Kerem’in mirası Yunus

Türk futbolunun performansları ve formlarıyla parlayan yıldızları Kerem Aktürkoğlu ve Yunus Akgün. Aslında her şey Kerem’in transferiyle başladı: “Ayrılıklar da sevdaya dahildir.”

Kerem ve Galatasaray adına çok iyi bir ayrılık olduğunu düşünüyorum. Kerem her maç kendini yeniden ispat çabasında hissediyordu. Erzincanspor’dan geldiği günden beri sürekli gelişen özellikleri, durma noktasına gelmişti. Aldığı kararla yeni bir meydan okuyuşa başladı ve bunu da Benfica’daki ilk haftalarında, hepimizi gururlandırarak yaptı. Galatasaray taraftarı da Kerem’in performansından memnun olmalı; ‘keşke kalsaydı’, ‘şöyle olsaydı’yı bırakmalı ve her fırsatta alkışlamalı eski oyuncusunu. Nihat Kahveci nasıl ki Beşiktaş’ı aşıp bütün ülkenin gururu olduysa, Arda Turan’ın Barcelona’ya uzanan kariyeriyle tüm ülke gurur duyduysa Kerem için de bunun olacağını düşünüyorum. Kerem giderken geride acabası zengin olan bir oyuncu bıraktı ardında. Bu oyuncu altyapıdan yetişen Yunus Akgün’den başkası değil.

Şansı bu kez iyi değerlendirdi.

Adana Demirspor’daki başarısı sonrası “Galatasaray kanat oyuncusunu buldu.” yorumları yapıldı. İlk senesinde şans da buldu Yunus ama doğru zaman olmadığı anlaşıldı. Yetenek olarak eksiği olmasa da son kararı vermede biraz problem yaşadı, fiziksel olarak da üst seviyede değildi. İkince senesinde kanatlara yapılan yıldız transferleriyle kiralama fikrine gidildi. Bence onun adına çok iyi bir karar olan Leicester’da hem oyununu geliştirdi hem de fiziğini sağlamlaştırdı. Bu yıl elbette acabalar yine vardı. Kadroda Zaha, Ziyech, Tete, Kerem ve Barış Alper forma rekabeti için hazırdı. Önce Tete sonra Zaha ve son olarak da Kerem takımdan gitti. Ziyech’in sakatlığı, Sallai’nin hazır olmayışıyla bütün sis perdeleri ortadan kalktı ve Yunus bir kere daha şans buldu. Galatasaray’daki son şansı olduğunu herkes gibi o da biliyordu. Dağılan sislerin arasından ışıklarını saçmaya başladı, formayı kaptı. Haâlâ önünde çok yolu var, yaşadığı başarısızlıkları ve tecrübeleri unutmazsa ışıkları güneşe çevirebilir. Tekniği her zaman çok iyiydi ama şu anki top kontrolü elit seviyeye ulaşmış durumda, savunmaya geldiğinde hamlesi kısıtlıydı. Onu da çok iyi geliştirmiş. Fiziksel olarak da ayağı yere daha sağlam basan, yıkılmayan bir oyuncuyu izliyoruz maçlarda. Bence başarıları devam edecek ve onu da Avrupa’da gururla izleyeceğiz.

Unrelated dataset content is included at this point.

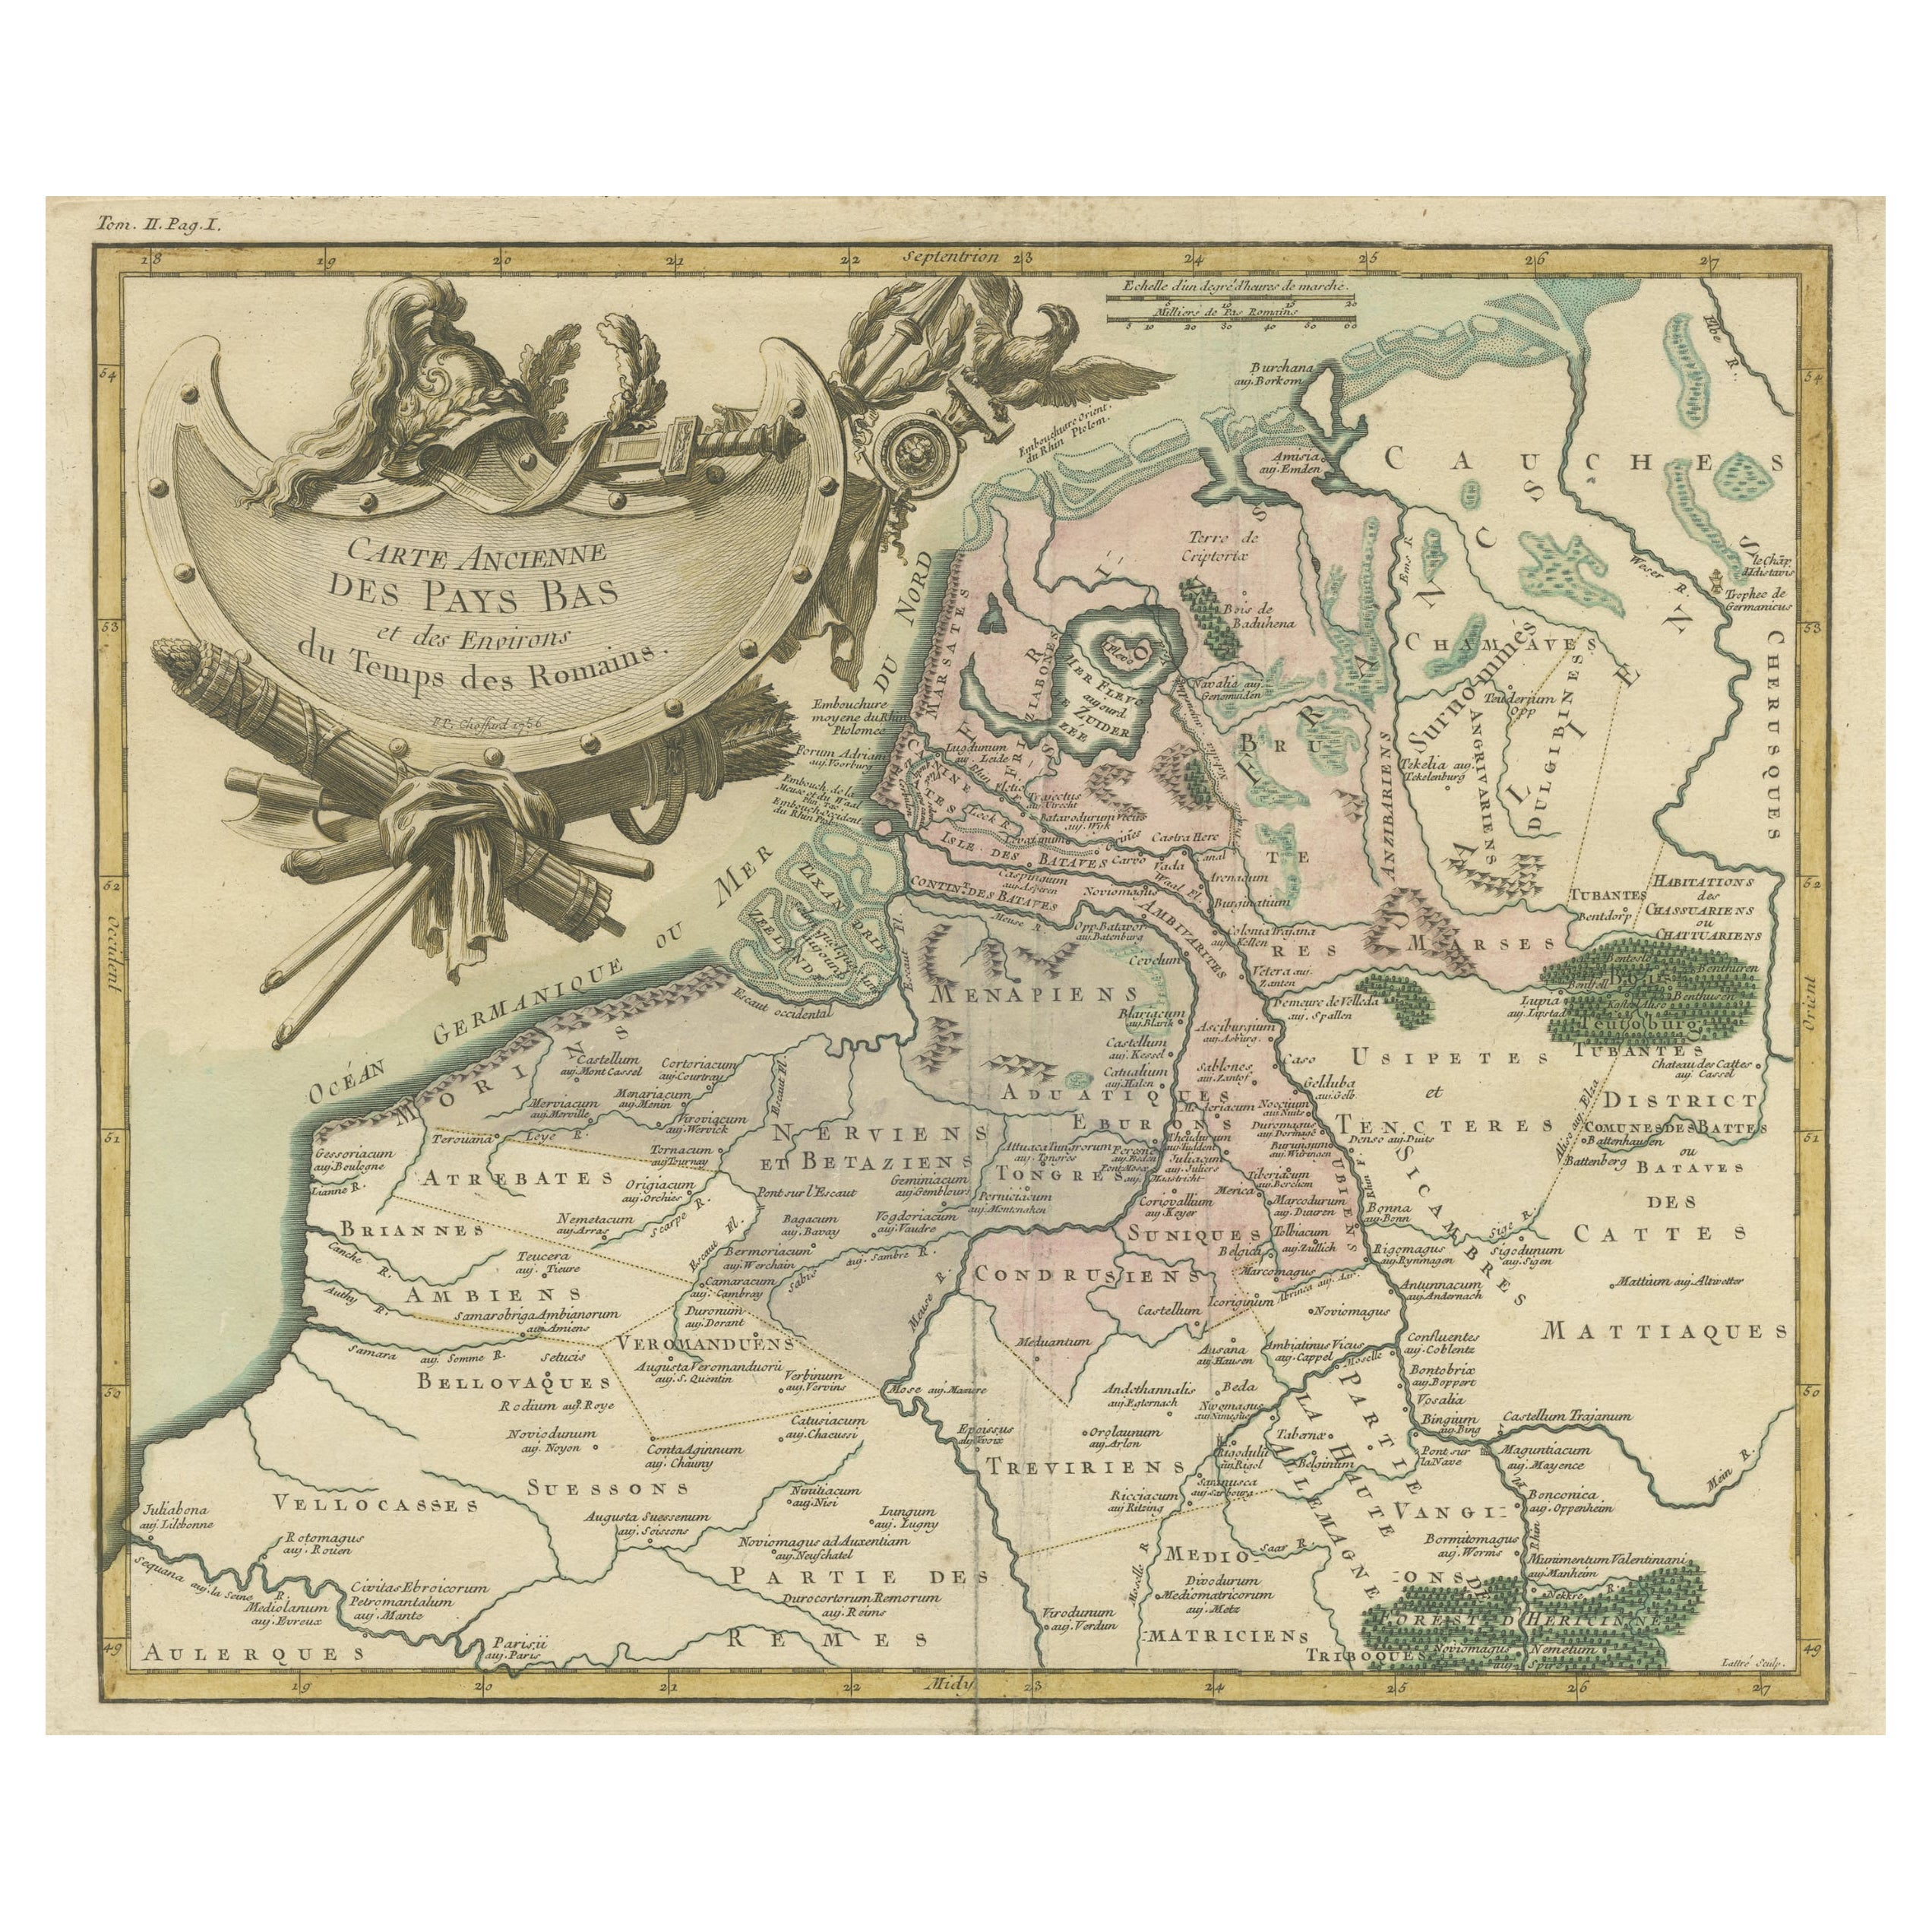 Antique Map of the Netherlands in the time of the Domination by the Roman Empire For Sale

Yunus sadece kendi adına oynamıyor

Galatasaray altyapısının altın nesli olarak tanımlanan 2000 doğumlular takımından sadece Yunus ve Ozan Kabak kendini gösterebildi. Millî takımlarda İngiltere’yi, Fransa’yı, İspanya’yı dize getiren bu nesli, maalesef geliştiremedi Türk futbolu. O takımın yıldızlarından Recep Gül’ün iki yıl önceki röportajında, o zamanki altyapı sorumlusu Emrah Bayraktar’la ilgili sözleri her zaman aklımda. “Bizden hiçbir şey olamayacağını söyledi.” demişti. Güveni kırılan oyunculara da biz sahip çıkamadık. O yüzden Yunus, attığı her golde ve asistte sadece kendisi için oynamıyor. Atalay Babacan, Recep Gül, Abdulsamed Karnuçu, Emirhan Civelek ve diğer kendini gösteremeyen arkadaşları için de oyunuyor.